La segunda y más fundamental objeción a la utilización del miedo y el odio practicada por la iglesia, es que estas emociones pueden ser ahora casi totalmente eliminadas de la naturaleza humana a través de reformas educativas, económicas y políticas. Las reformas educativas deben ser la base, ya que los hombres que sienten odio y miedo siempre admirarán estas emociones y desearán perpetuarlas, aunque esta admiración y deseo probablemente serán inconscientes, como lo es en los cristianos normales. Una educación diseñada para eliminar el miedo no es, de ningún modo, difícil de crear. Sólo es necesario tratar al niño con amabilidad, ponerlo en un ambiente donde la iniciativa sea posible sin resultados desastrosos, y protegerlo del contacto con adultos que tengan terror irracional, ya sea de la oscuridad, de los ratones o de la revolución social. Un niño también debe no ser víctima de castigos severos, o de amenazas, o de solemne y excesiva reprobación. Proteger a un niño del odio es un asunto algo más elaborado. Las situaciones que despierten celos deben ser evitadas muy cuidadosamente, por medio de una justicia escrupulosa y exacta entre los diferentes niños. Un niño debe sentirse objeto de un cálido afecto de parte de por lo menos algunos de los adultos con los que tiene que ver, y no debe ser frustrado en sus actividades y curiosidades naturales, excepto cuando estén en peligro su vida o su salud. En particular, no debe haber ningún tabú sobre el conocimiento sexual, o de conversaciones acerca de temas que la gente convencional considera impropios. Si estos preceptos simples se cumplen desde el principio, el niño no tendrá miedo y será cordial.

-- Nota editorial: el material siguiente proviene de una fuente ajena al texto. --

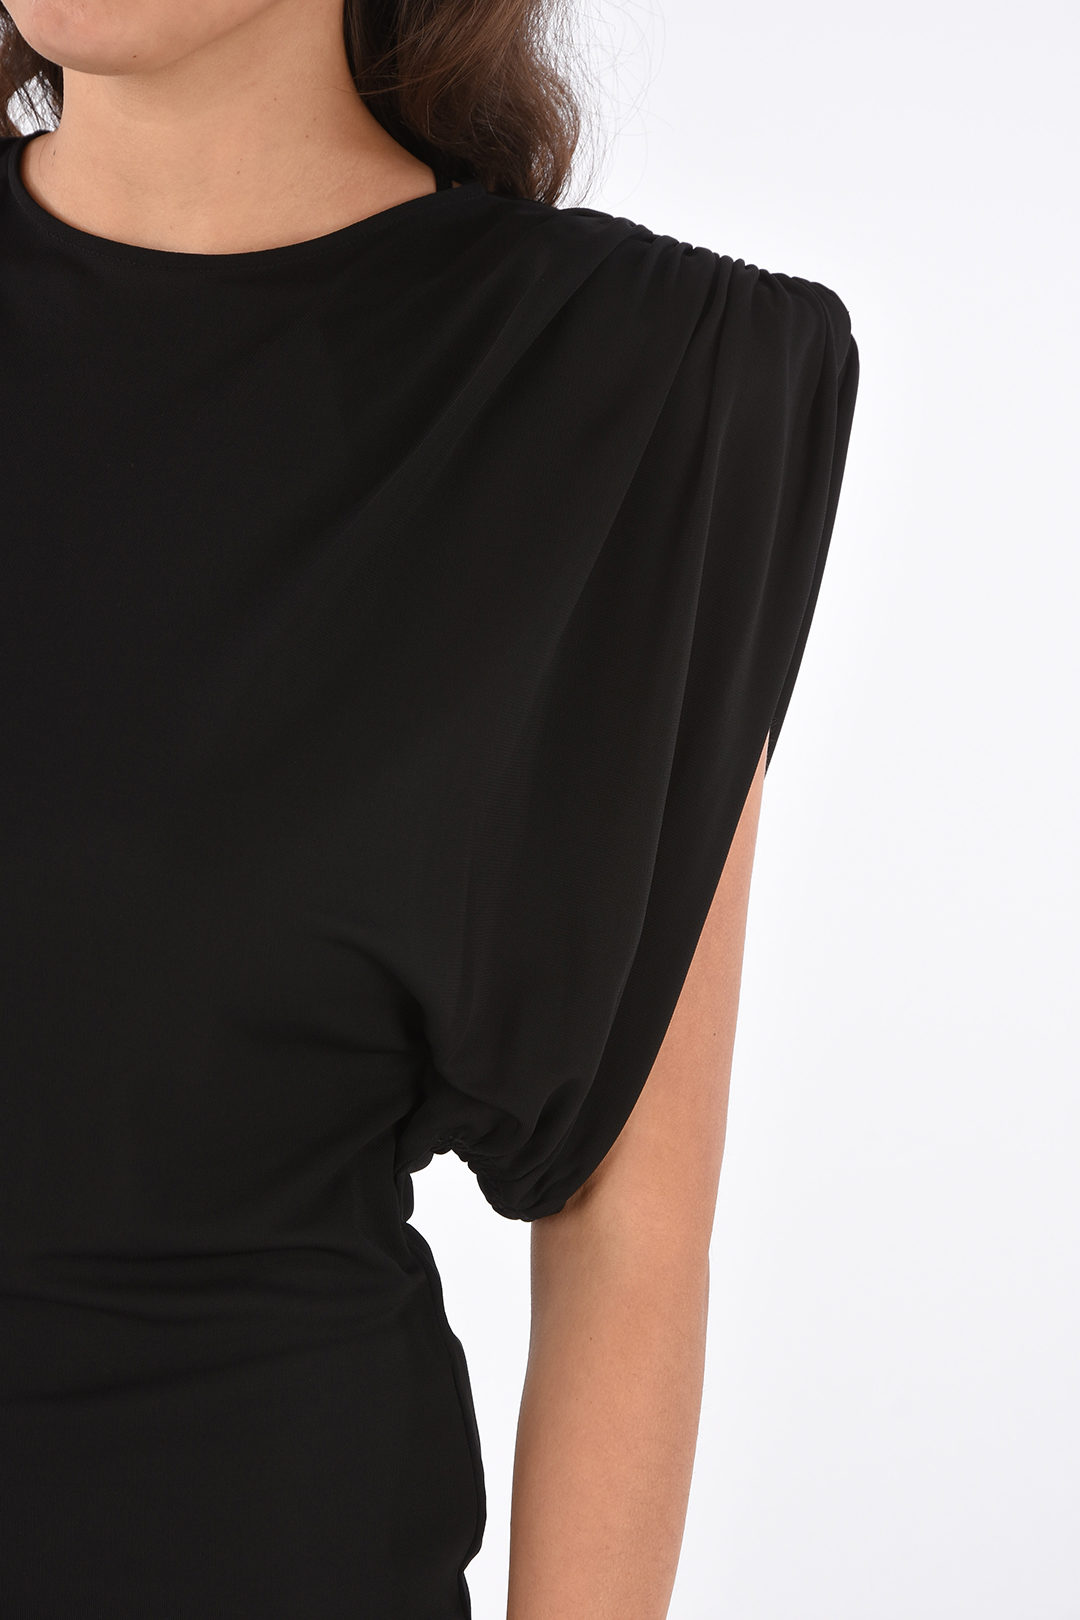 Versace drop shoulder sleeve top women - Glamood Outlet

Cuando entre a la vida adulta, sin embargo, una persona joven así educada se encontrará inmerso en un mundo lleno de injusticia, lleno de crueldad, lleno de sufrimiento prevenible. La injusticia, la crueldad y el sufrimiento que existen en el mundo moderno son una herencia del pasado, y su última fuente es económica, ya que la competencia de vida o muerte por los medios de subsistencia fue inevitable en los primeros tiempos. No es inevitable en nuestra época. Con nuestra tecnología industrial actual podemos -si así lo elegimos- proveer una subsistencia tolerable para todos. Podríamos también asegurar que la población mundial sería estable si no nos lo impidiera la influencia política de las iglesias que prefieren la guerra, la peste o la hambruna antes que la contracepción. Existe el conocimiento por el cual la felicidad universal puede ser asegurada; el principal obstáculo para su utilización para ese propósito es la enseñanza de la religión. La religión impide que nuestros niños tengan una educación racional; la religión nos impide eliminar las causas fundamentales de la guerra; la religión nos impide enseñar la ética de la cooperación científica en lugar de las violentas doctrinas viejas del pecado y el castigo. Es posible que la humanidad esté en el umbral de una edad dorada; pero, si es así, antes será necesario asesinar al dragón que defiende la puerta, y ese dragón es la religión.